A professional in New Zealand who built a career earning $120,000 a year is now making a third of that. Not because they made a mistake. Not because their industry collapsed. Because AI tools automated the work they were paid to do, and the market found no use for their skills at the price they had come to expect.
A Stuff investigation profiles workers on both ends of the disruption curve — those whose professional incomes have been slashed by AI displacement, and those just entering the workforce who are trying to figure out which skills will still be valued in five years. Together, the profiles capture an economic disruption that New Zealand's employment support systems were plainly not designed to handle.
The affected workers are not factory floor labourers — the people most employment disruption narratives have historically focused on. They are content creators, legal researchers, data analysts, and coders. People with tertiary qualifications and professional track records. People who did everything right by the conventional career playbook, only to find that the playbook had been rewritten overnight by systems that can now perform their core tasks in seconds for cents.
The speed of disruption is what makes this different from previous technological displacement. When manufacturing automation hit New Zealand's industrial sector in the 1980s and 1990s, the adjustment was painful but its contours were legible over years. Workers and governments could see what was coming. Retraining programmes, however imperfect, had time to be designed and deployed. The current AI disruption is moving in months, not years, and the breadth of occupations affected is expanding continuously.
New Zealand's social safety net — structured around Work and Income, retraining subsidies, and industry-specific redundancy arrangements — was designed for a labour market that moved at a different pace. The Jobseeker Support payment averages around NZ$350 per week for a single adult. A professional who was earning $120,000 annually faces a cliff of extraordinary steepness. Retraining pathways take months to years. The trades, healthcare, and education sectors currently least exposed to AI require extended study and accreditation that is simply not accessible to someone with a mortgage and immediate income needs.
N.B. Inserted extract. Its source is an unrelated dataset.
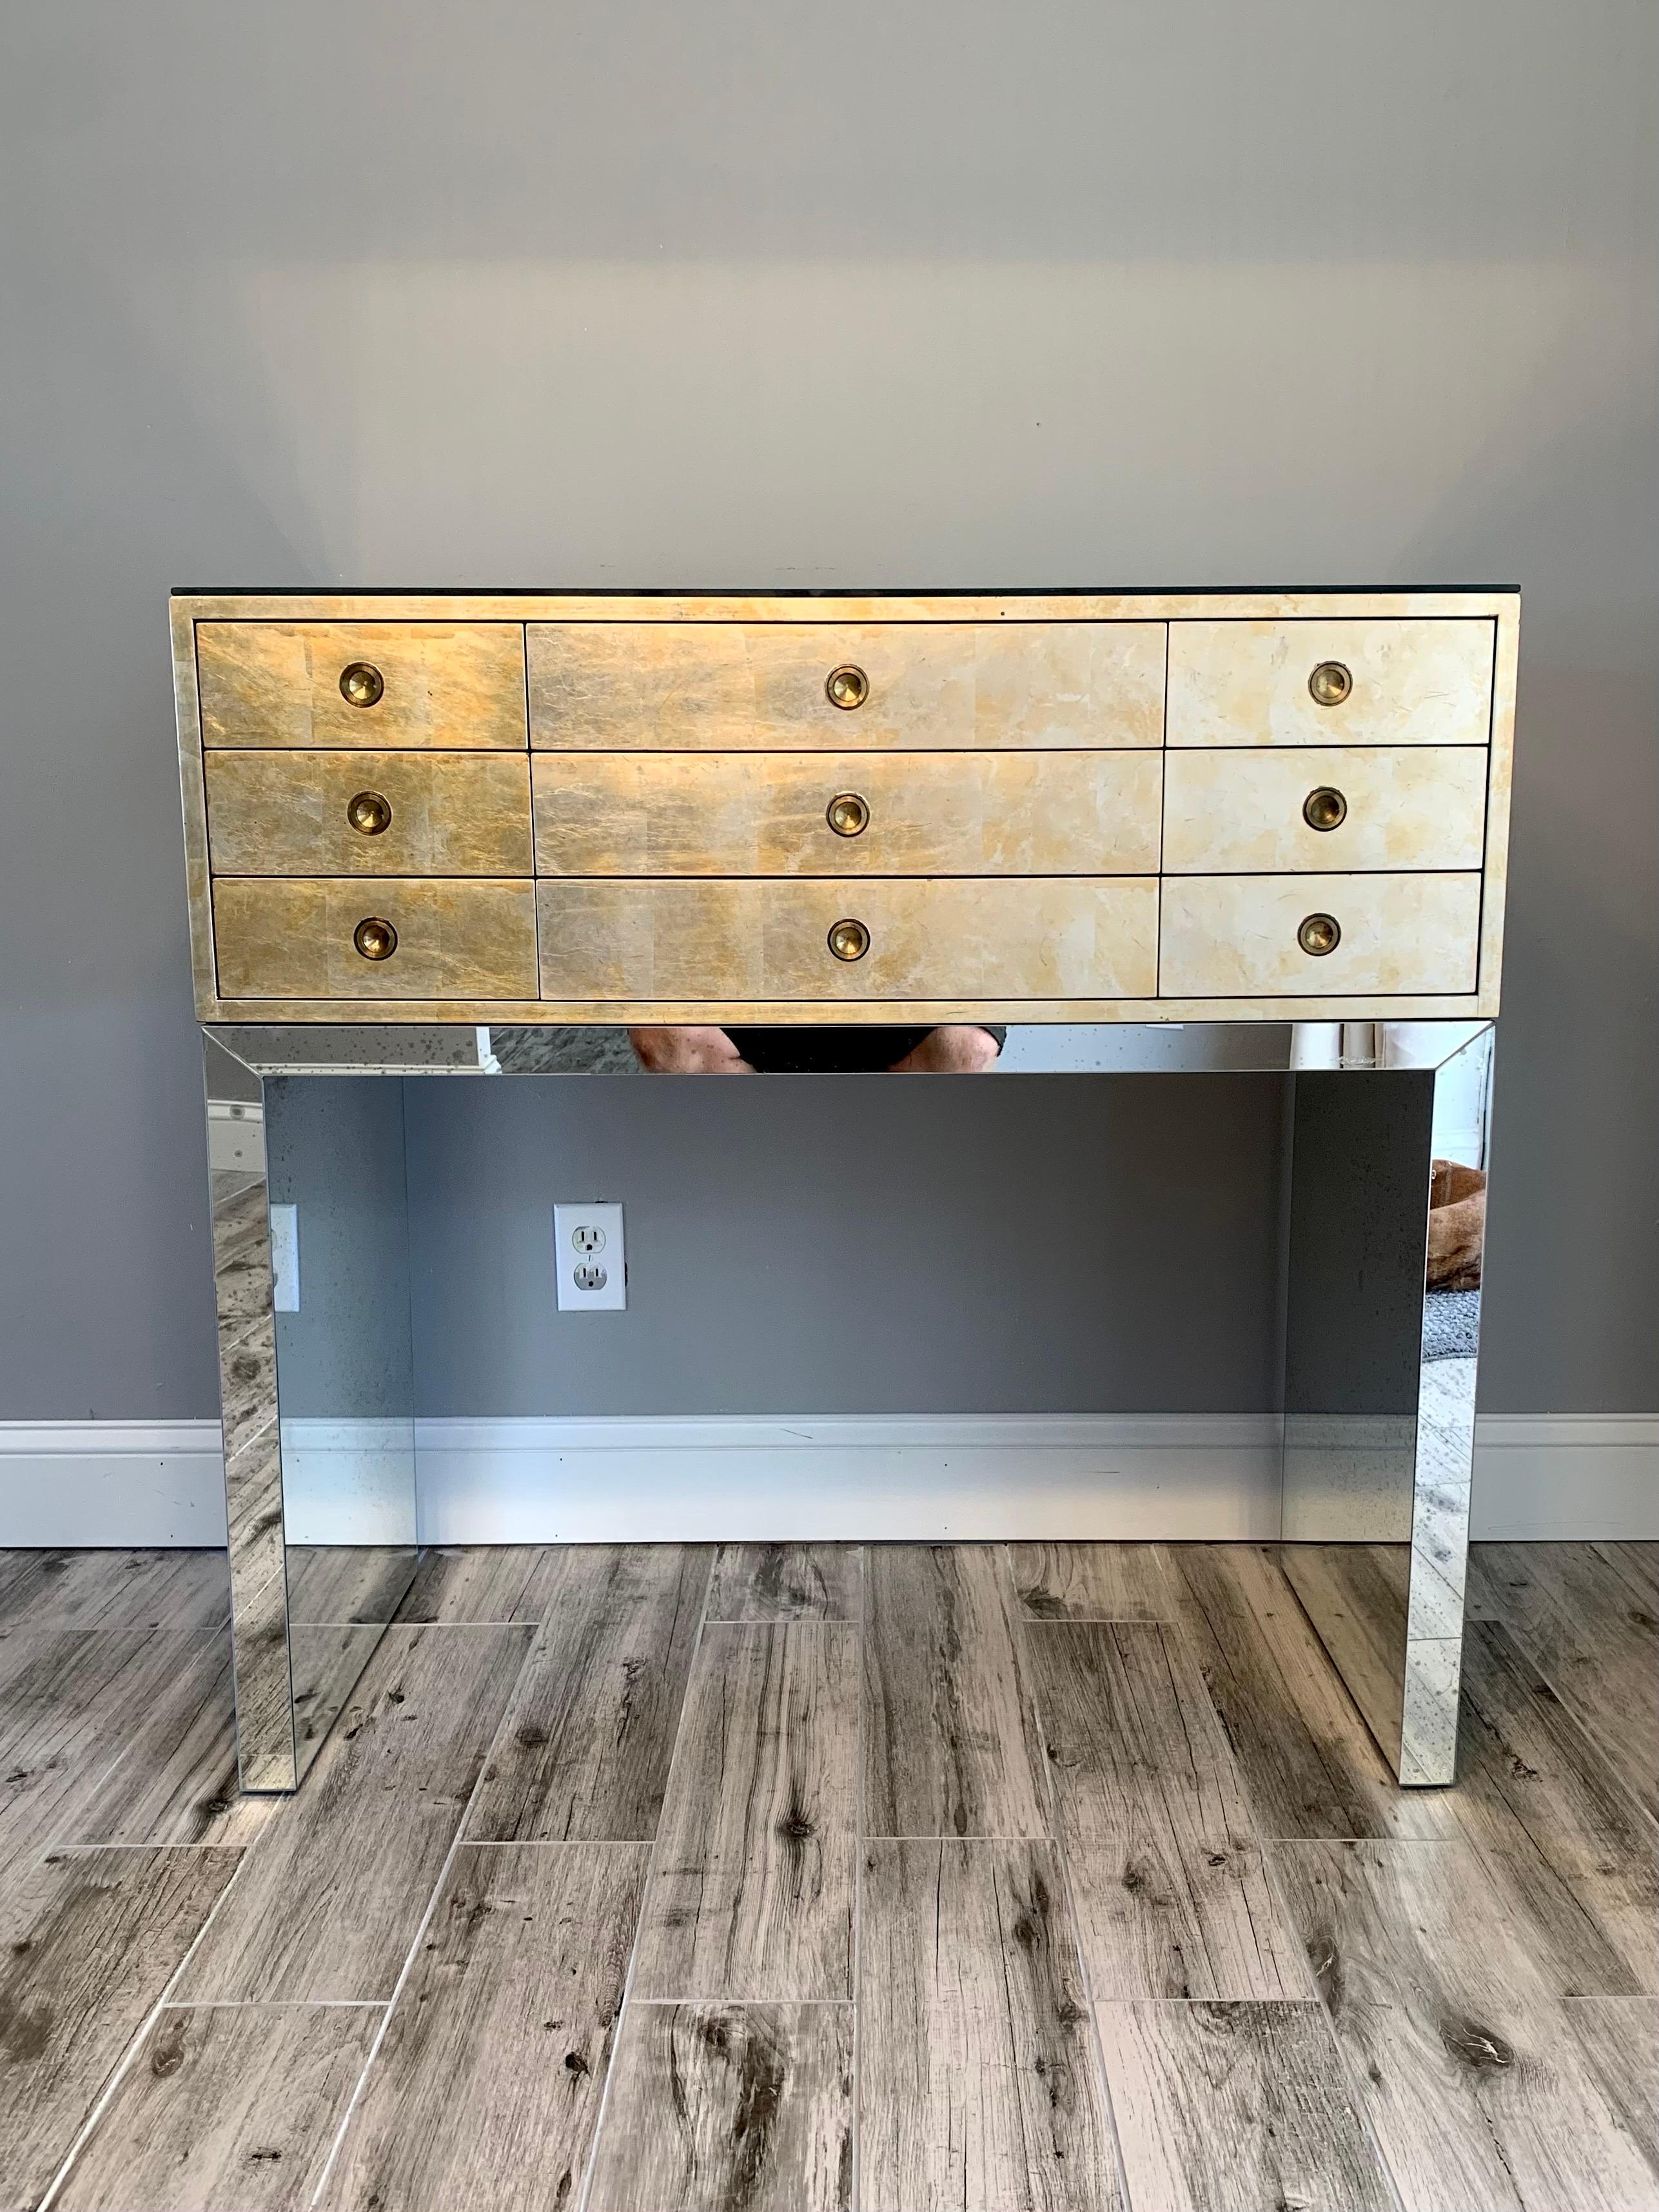 Elegant chest of drawers by Kittinger of Buffalo. Could be used as a console table, mini dresser, or jewelry chest. The cabinet is covered in metal leaf that has gold and silver elements and colors. It appears to be faded gold leaf. 9 total drawers

The Luxon government has not signalled any comprehensive policy response to AI-driven labour displacement. The prevailing philosophy — that labour markets self-correct, that growth creates new jobs, that individual retraining is the appropriate answer — is being stress-tested by a technological shift whose pace it did not anticipate.
For Australia, the same dynamics are arriving with a slight lag. The same occupational profiles are being disrupted. The same gap between the speed of displacement and the capacity of social support systems to adapt is opening. When a Wellington law firm cuts its junior research staff after rolling out AI review tools, the effects are not aggregate statistics. They are individual households recalculating everything they planned.
The workers in the Stuff investigation are not asking for protection from change. They are asking for acknowledgment that the change is happening, and that the systems meant to support them through it are not remotely adequate for the task.